The risk of an ankle sprain is greatest during activities that involve explosive side-to-side motion, such as tennis/ basketball/netball.


  • Swelling around the ankle
  • Bruising around the ankle (which can extend along the outside of the foot)
  • Pain around entire ankle joint
  • Pain on weightbearing

Syndesmosis (high ankle sprain)

A high ankle sprain is an injury to the large ligaments (called the syndesmosis) above the ankle that join together the two long bones of the lower leg. High ankle sprains commonly occur from a sudden and forceful outward twisting of the foot, which commonly occurs in contact and cutting sports such as soccer, rugby union and rugby league.

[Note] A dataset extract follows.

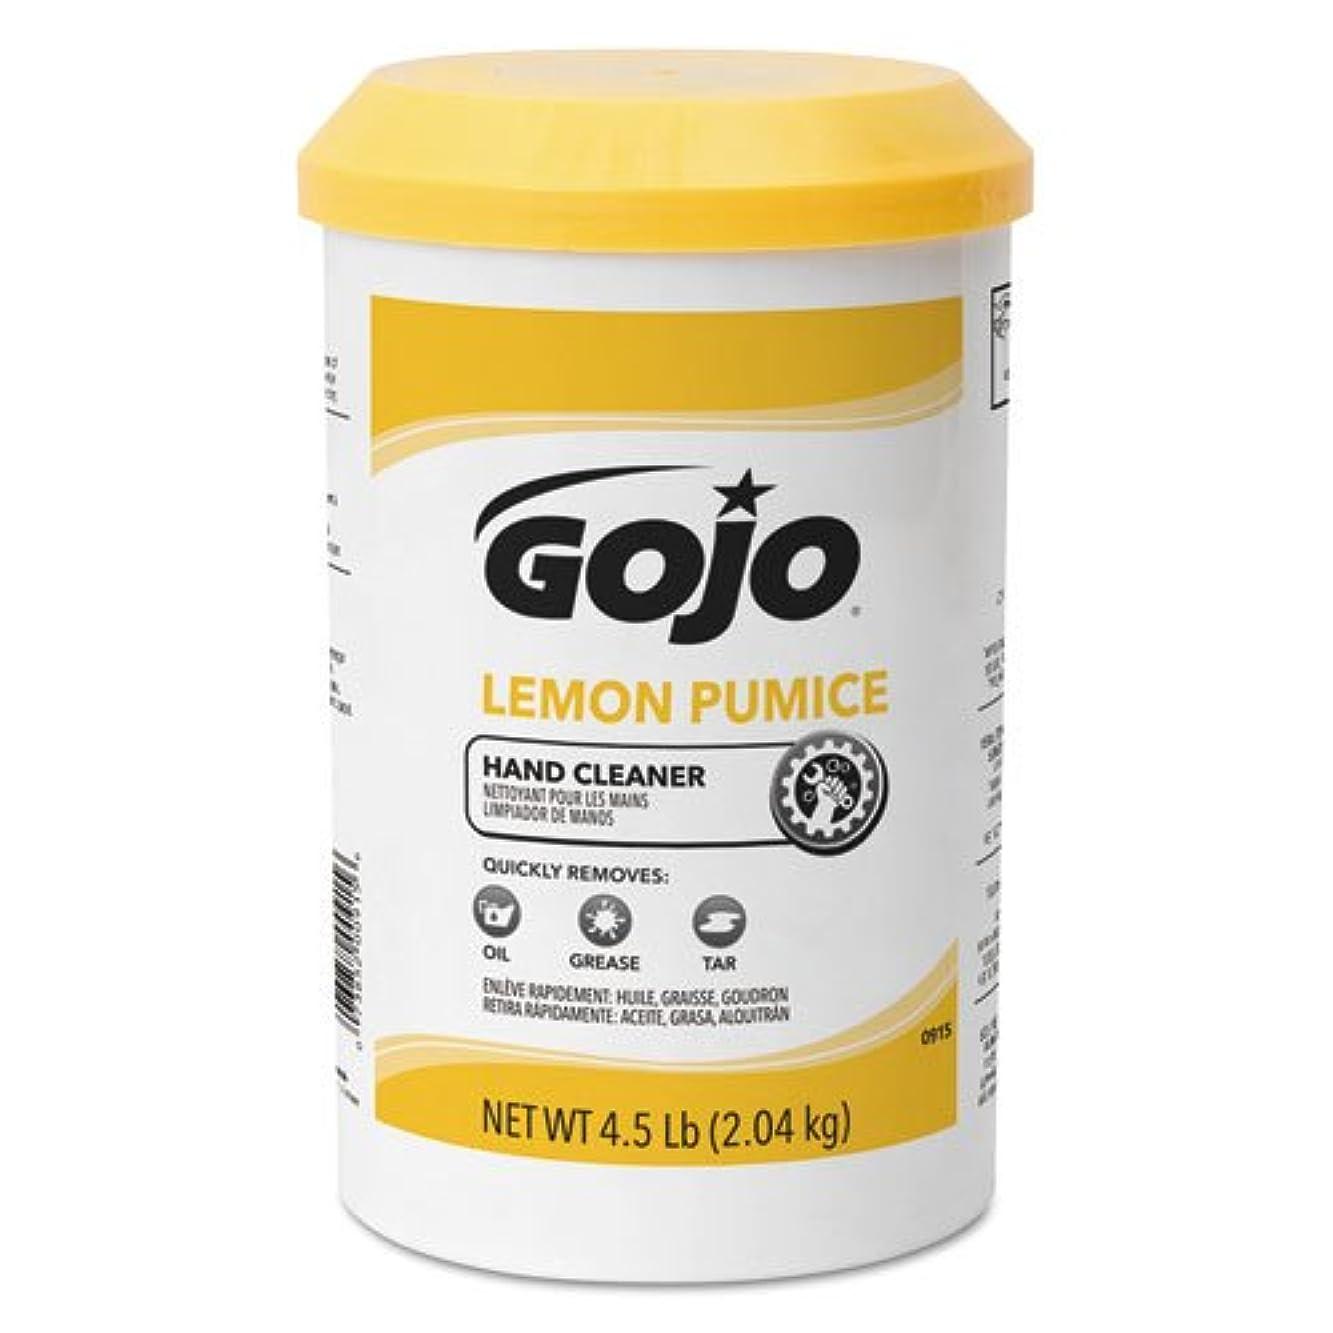 部族動かないナットGojo レモンプーミス ハンドクリーナー レモンの香り 4.5ポンド GOJ0915

The ligament can also be an associated injury with more common low ankle sprains, and even ankle fractures.

A high ankle sprain causes symptoms similar to other ankle sprains, but patients often complain of pain when the ankle is turned outwards or when the calf is squeezed.


  • Pain around the front of the ankle
  • Pain when foot is turned outwards
  • Pain when calf is squeezed

Stress fractures

A stress fracture is generally an overuse injury. It occurs when muscles become fatigued or overloaded and can not absorb the stress and shock and repeated impact. Fatigued muscles transfer that stress to the nearby bone and the result is a small crack or fracture, in the bone.